**Provided material**
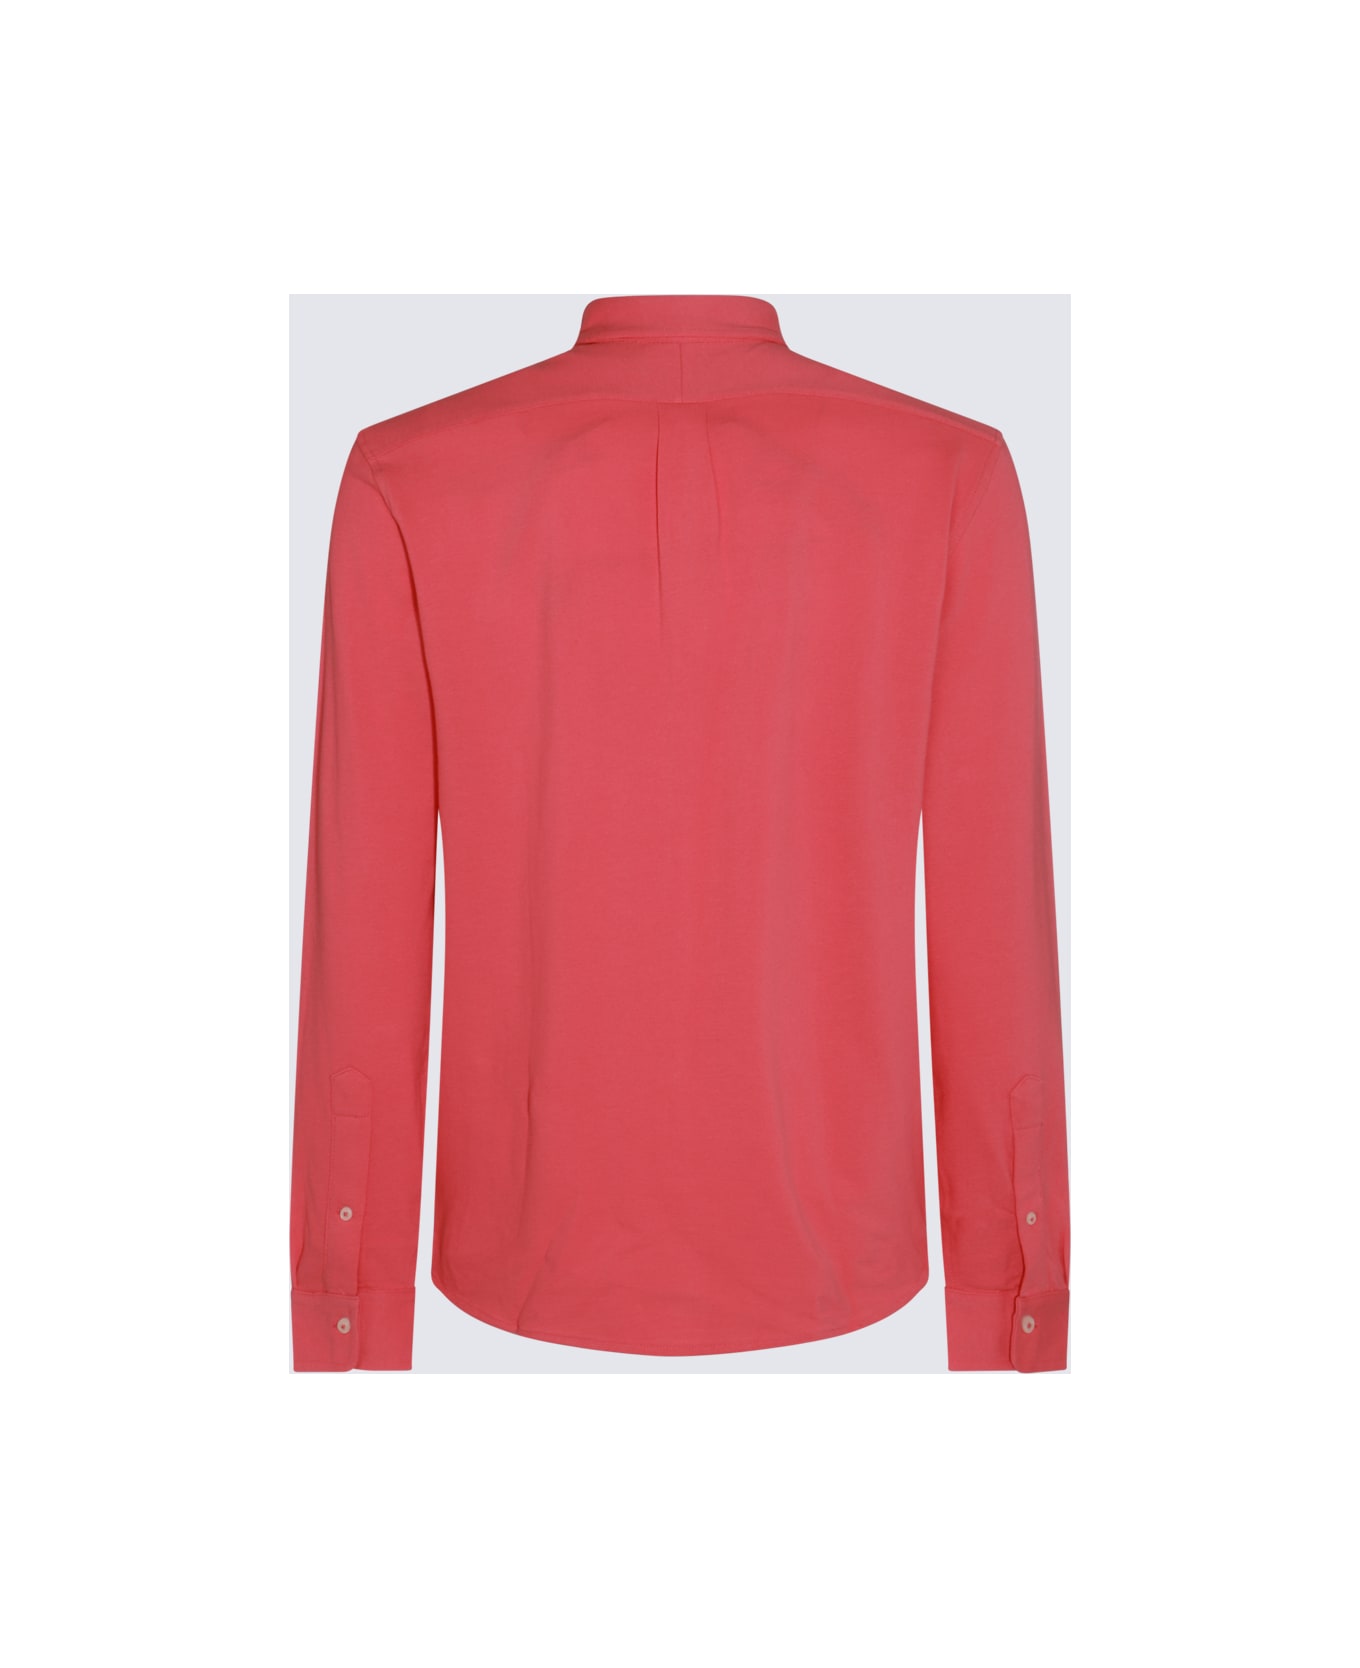 Polo Ralph Lauren Red Cotton Shirt - PALE RED
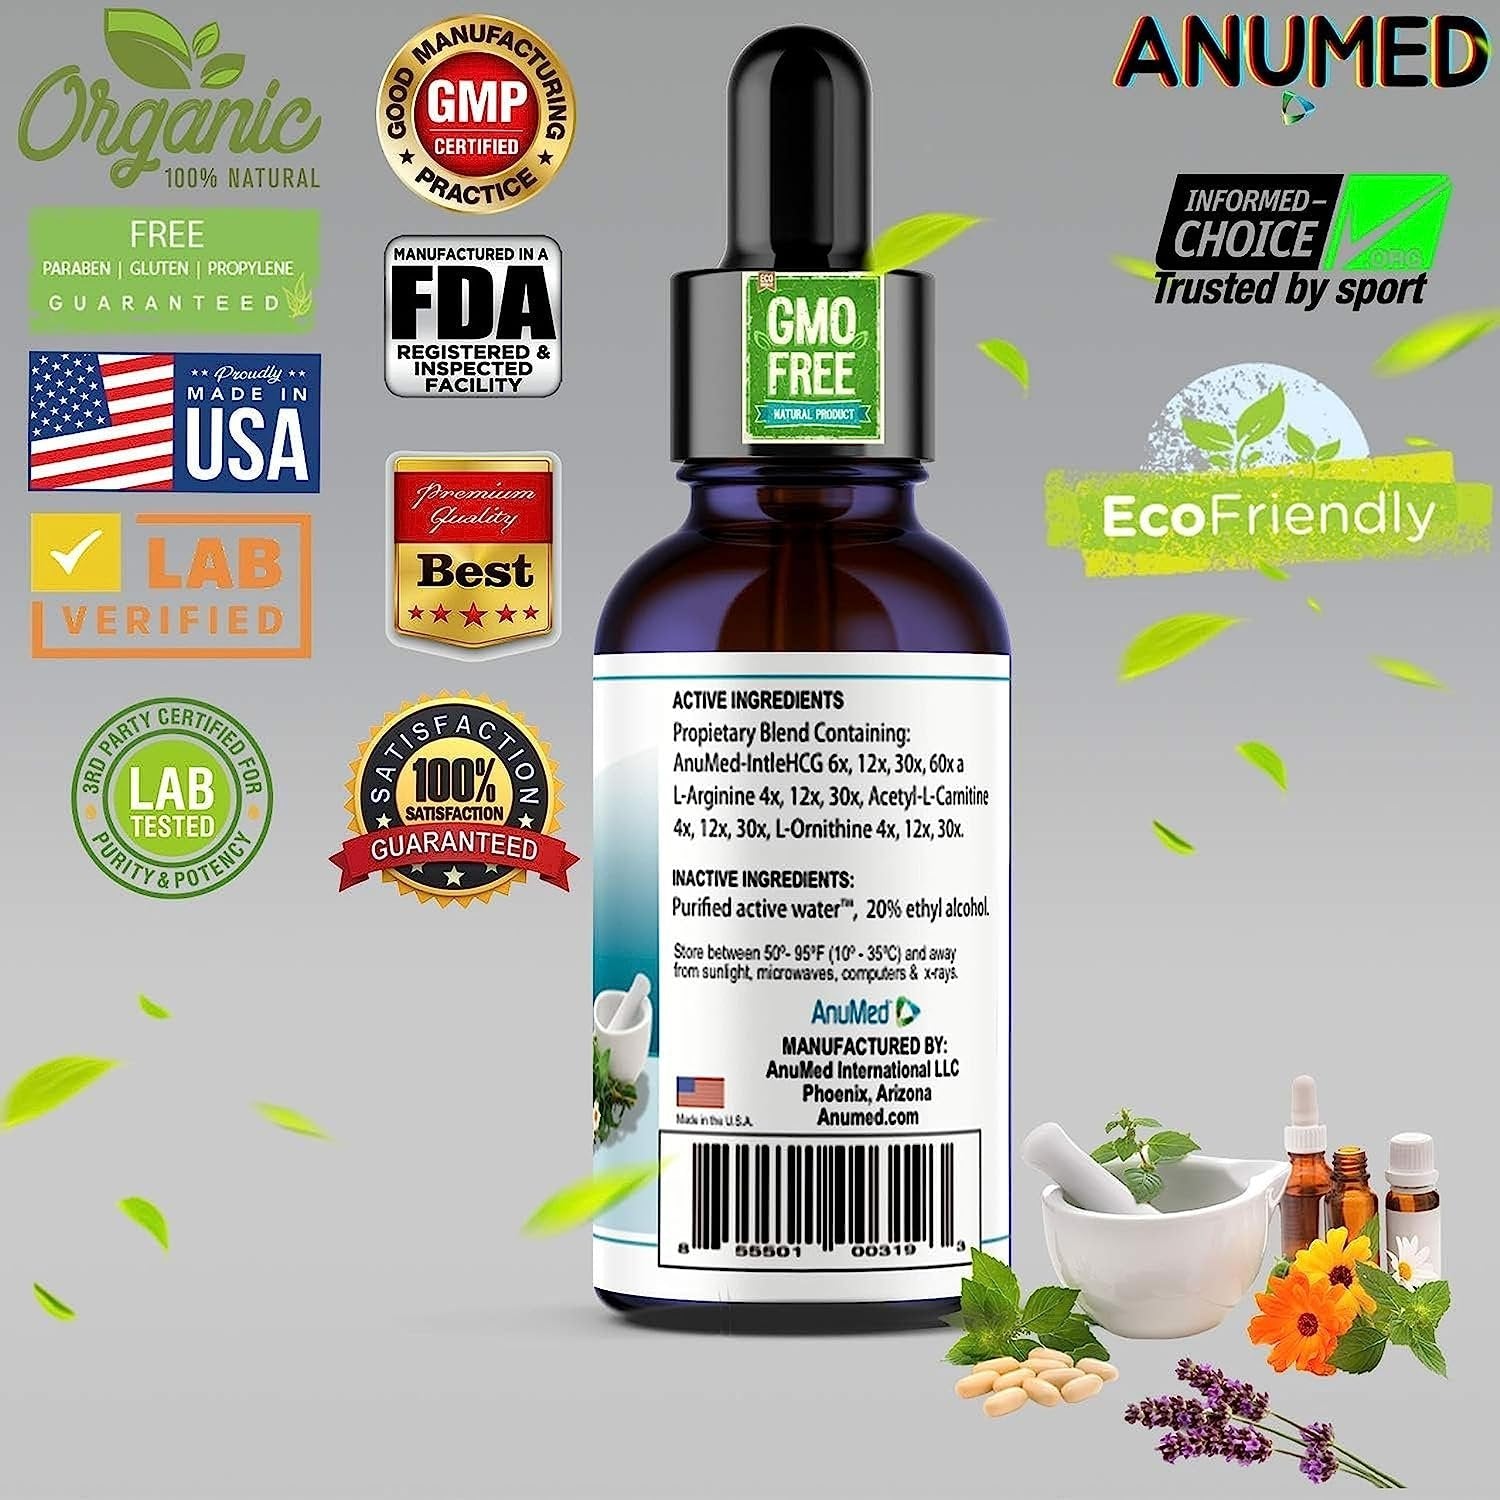 Worldwide Nutrition Anumed e-Drops - Metabolism, Control Hunger, Fast Transformation Healthy Weight Loss Drops - Natural Vegan, Keto Friendly for Women & Men (1oz) with Bonus Multi-Purpose Key Chain
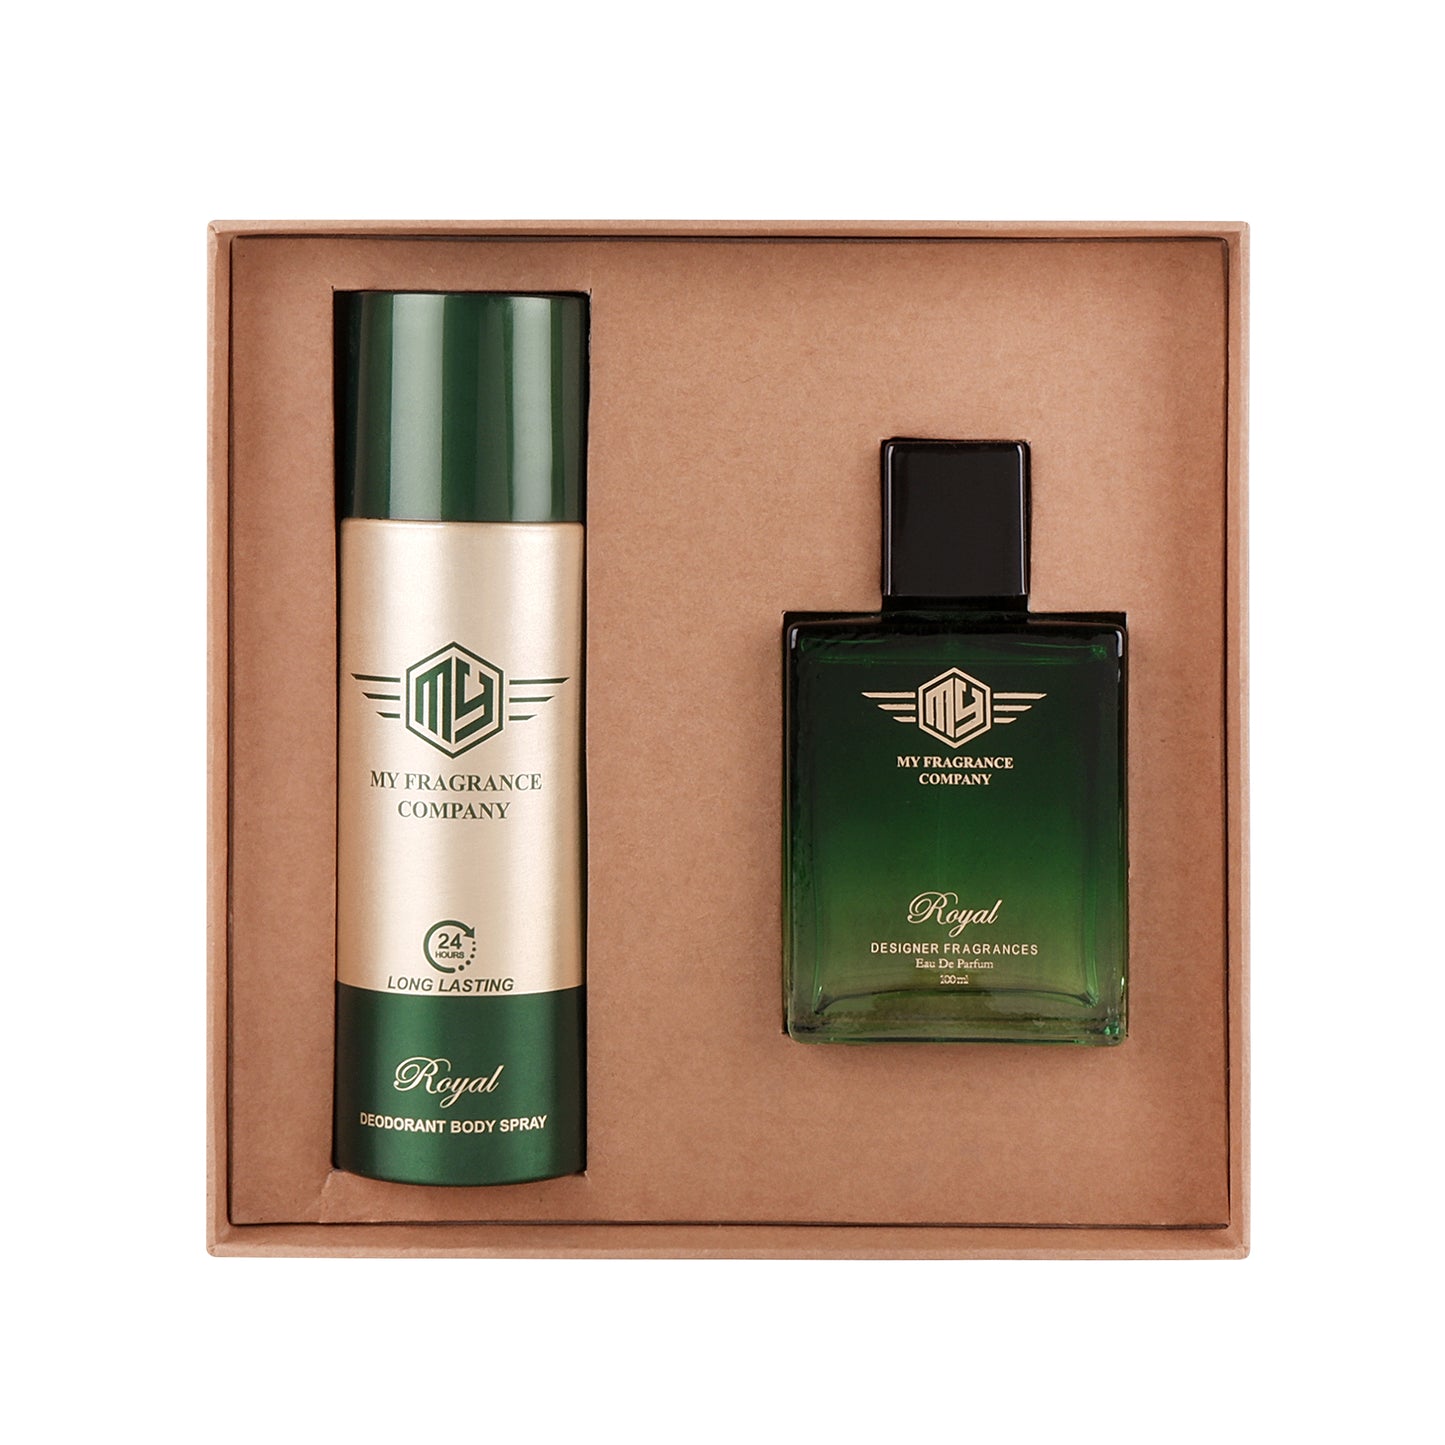 Handcrafted Royal Elite Fragrance EDP Perfume 100ml and Premium Deodorant| (2 Items in the one set)

**Work instructions**
If the data includes images, omit them, and set down everything else exactly as above.

**Written answer**
 Polo Ralph Lauren Red Cotton Shirt - PALE RED
 Worldwide Nutrition Anumed e-Drops - Metabolism, Control Hunger, Fast Transformation Healthy Weight Loss Drops - Natural Vegan, Keto Friendly for Women & Men (1oz) with Bonus Multi-Purpose Key Chain
 Handcrafted Royal Elite Fragrance EDP Perfume 100ml and Premium Deodorant| (2 Items in the one set)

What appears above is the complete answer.